About a week after V-J Day, I was one of a small group of scientists and engineers interrogating an intelligent, well-informed Japanese Army officer in Yokohama. We asked him what, in his opinion, would have been the next major move if the war had continued. He replied: "You would probably have tried to invade our homeland with a landing operation on Kyushu about November 1. I think the attack would have been made on such and such beaches."

"Could you have repelled this landing?" we asked, and he answered: "It would have been a very desperate fight, but I do not think we could have stopped you."

"What would have happened then?" we asked.

He replied: "We would have kept on fighting until all Japanese were killed, but we would not have been defeated," by which he meant that they would not have been disgraced by surrender.

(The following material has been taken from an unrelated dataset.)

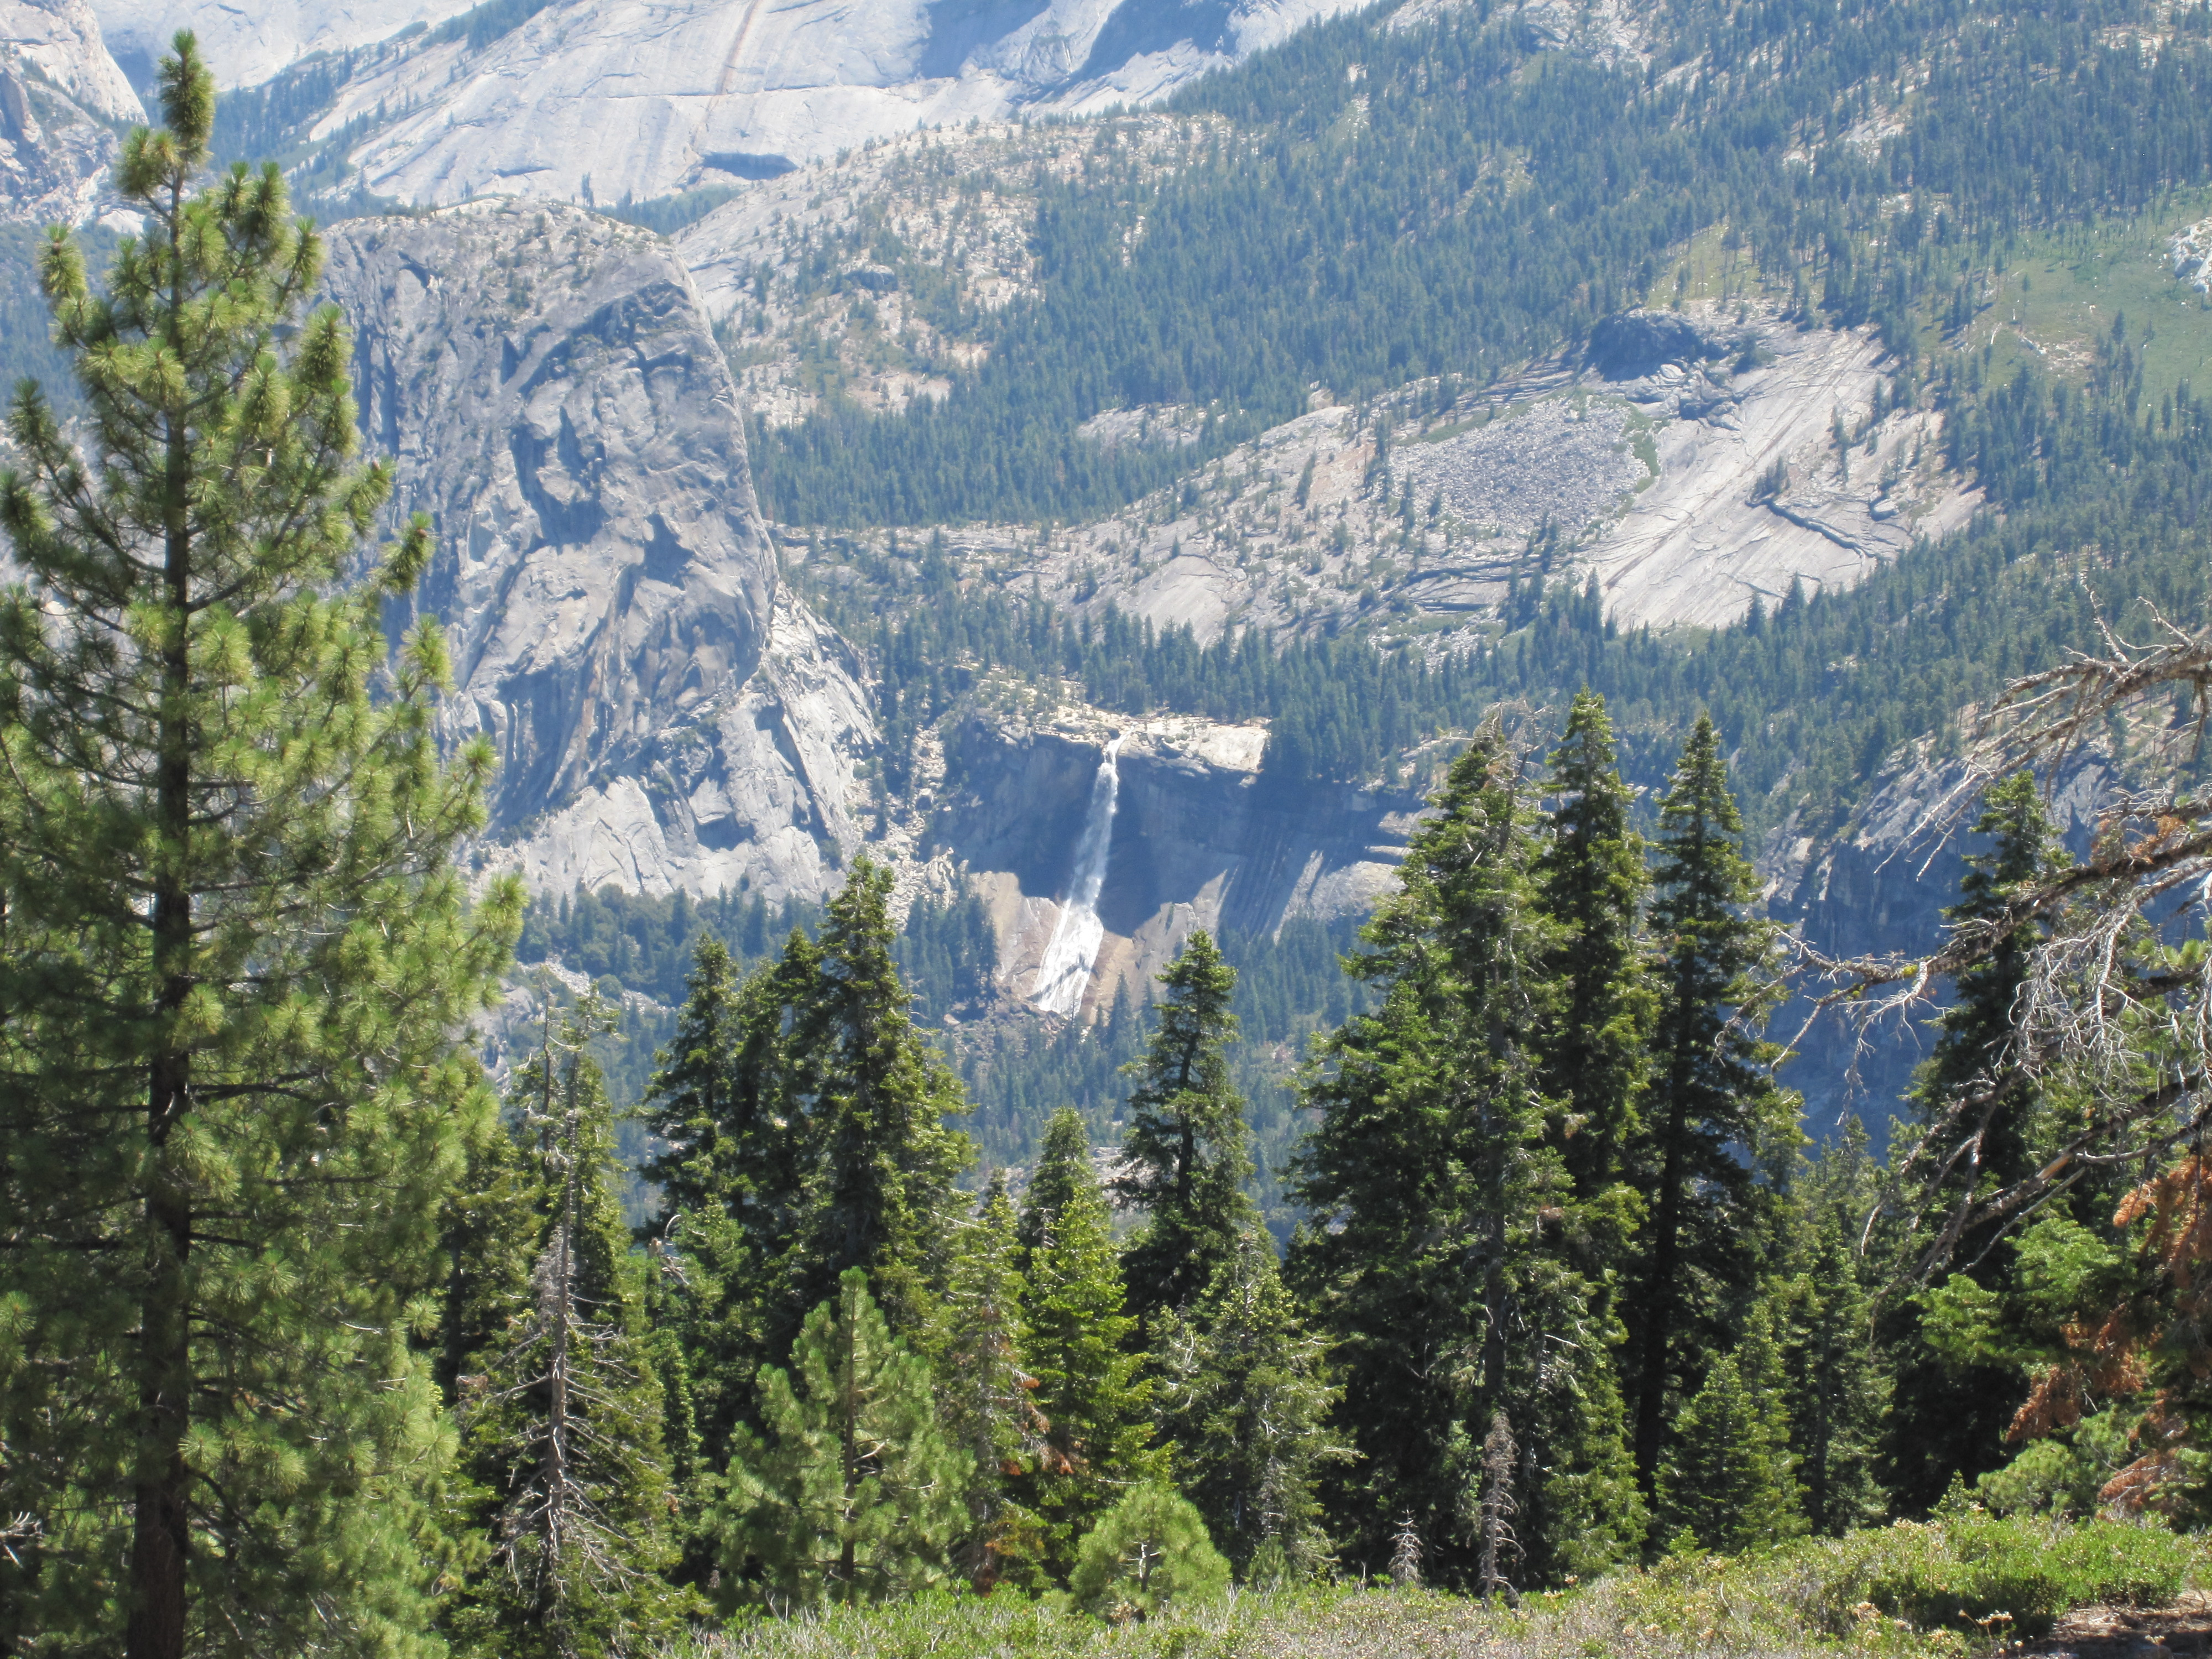 Nevada Fall at Yosemite

It is easy now, after the event, to look back and say that Japan was already a beaten nation, and to ask what therefore was the justification for the use of the atomic bomb to kill so many thousands of helpless Japanese in this inhuman way; furthermore, should we not better have kept it to ourselves as a secret weapon for future use, if necessary? This argument has been advanced often, but it seems to me utterly fallacious.

I had, perhaps, an unusual opportunity to know the pertinent facts from several angles, yet I was without responsibility for any of the decisions. I can therefore speak without doing so defensively. While my role in the atomic bomb development was a very minor one, I was a member of the group called together by Secretary of War Stimson to assist him in plans for its test, use, and subsequent handling.